Channeling the Urge to Compete

As if to confirm that it’s back-to-school time, The Education Sector Biweekly Digest sent me this timely link to an April 2010 post by Forrest Hinton at the Quick and the Ed.

Hinton argues that teachers are by nature quite competitive. But he wonders if they’re competitive about the important things:

The truth is, as a son and fiance of elementary school teachers, I genuinely like and appreciate school bulletin boards. These masterpieces are often colorful, witty, and creative, and sometimes they’re even used to reach legitimate learning outcomes. But, geez! From what I’ve witnessed in schools and heard from teachers, the social and professional pressures to decorate these 4′ x 6′ rectangles, along with the rest of their classrooms, is intense. Around the start of the school year you can feel the almost-ruthless spirit of competition in the air as teachers cut, glue, staple, and pin with the serious goal of producing the very best piece of art on the hall.

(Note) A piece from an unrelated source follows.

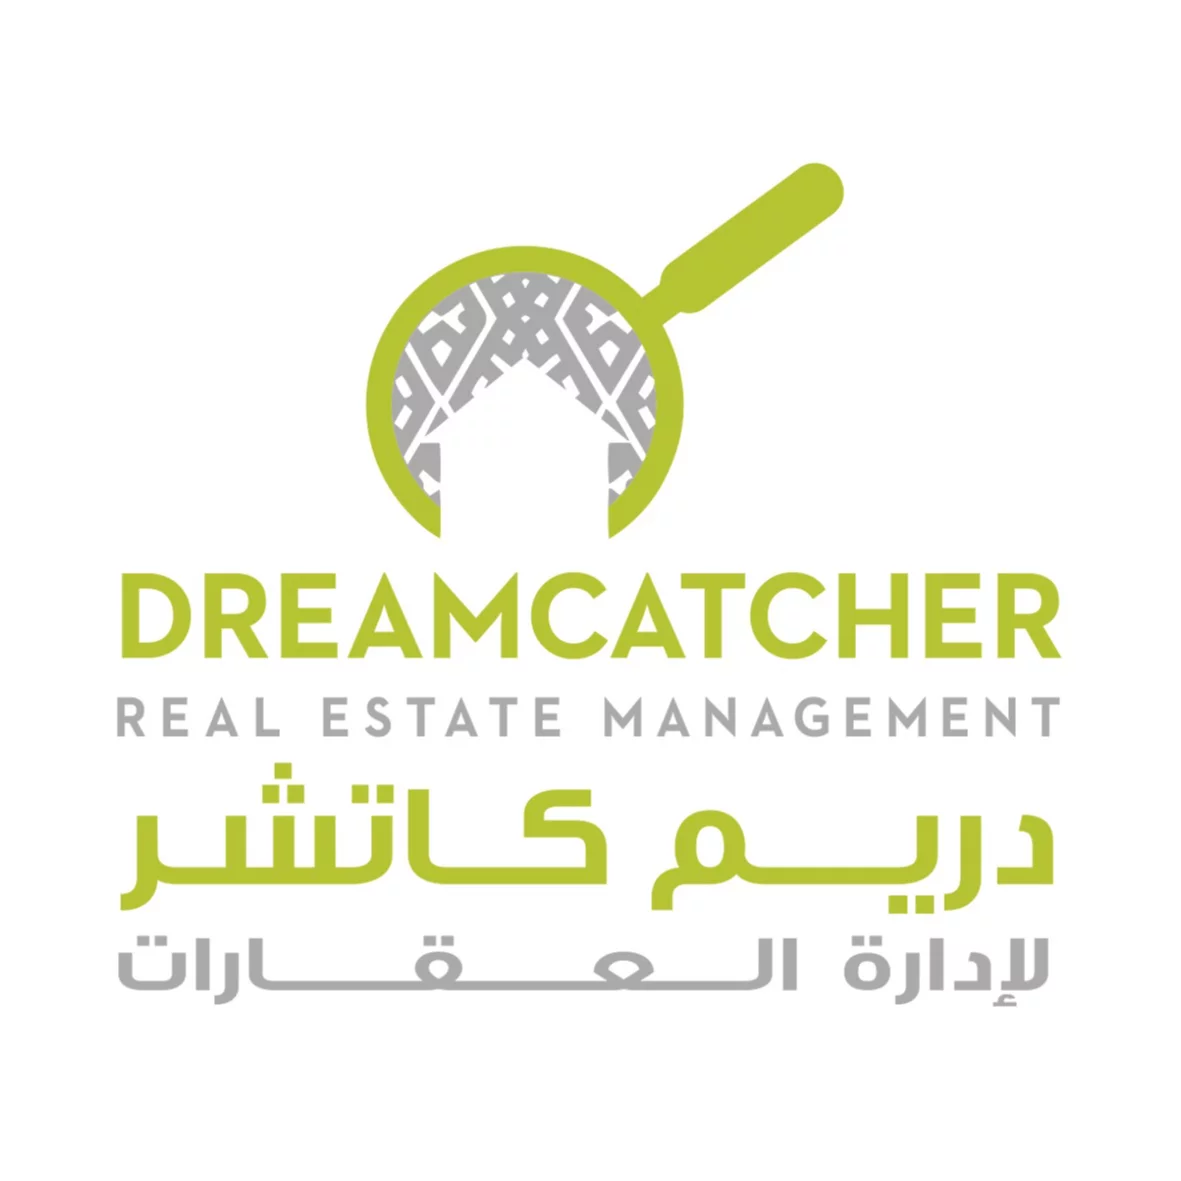 Dream catcher real estate management

And this kind of competition among elementary and middle school teachers isn’t limited to bulletin boards. Teachers face pressure from their principals and peers to pull off impeccable school plays, make beautiful outdoor gardens, and stylize their doorframes in ways Van Gogh couldn’t imagine. The trouble with all of this is that teachers are competing to be the best in creating the illusion of learning rather than focusing their energies and resources on actually helping students learn.

Education reformers love art, theater, gardens, and bulletin boards, but we also want students to master core academic knowledge and skills that will help them become informed citizens, productive workers, and free thinkers. To see how far the U.S. has come towards achieving that end during the NCLB Era, an academic researcher should take up this topic. I want to know if the pressure to design bulletin boards and make glittered posters is greater than the pressure to ensure that students know how to write and solve linear equations. Have teacher incentives begun shifting away from pretty and illusory objectives and towards concrete academic goals? Are teachers now competing to have the highest science scores and the best reading lessons?

You see, teachers have always been, and will always be, somewhat competitive. One key challenge for policymakers is ensuring that teachers are involved in the types of competitions that truly benefit their students and society.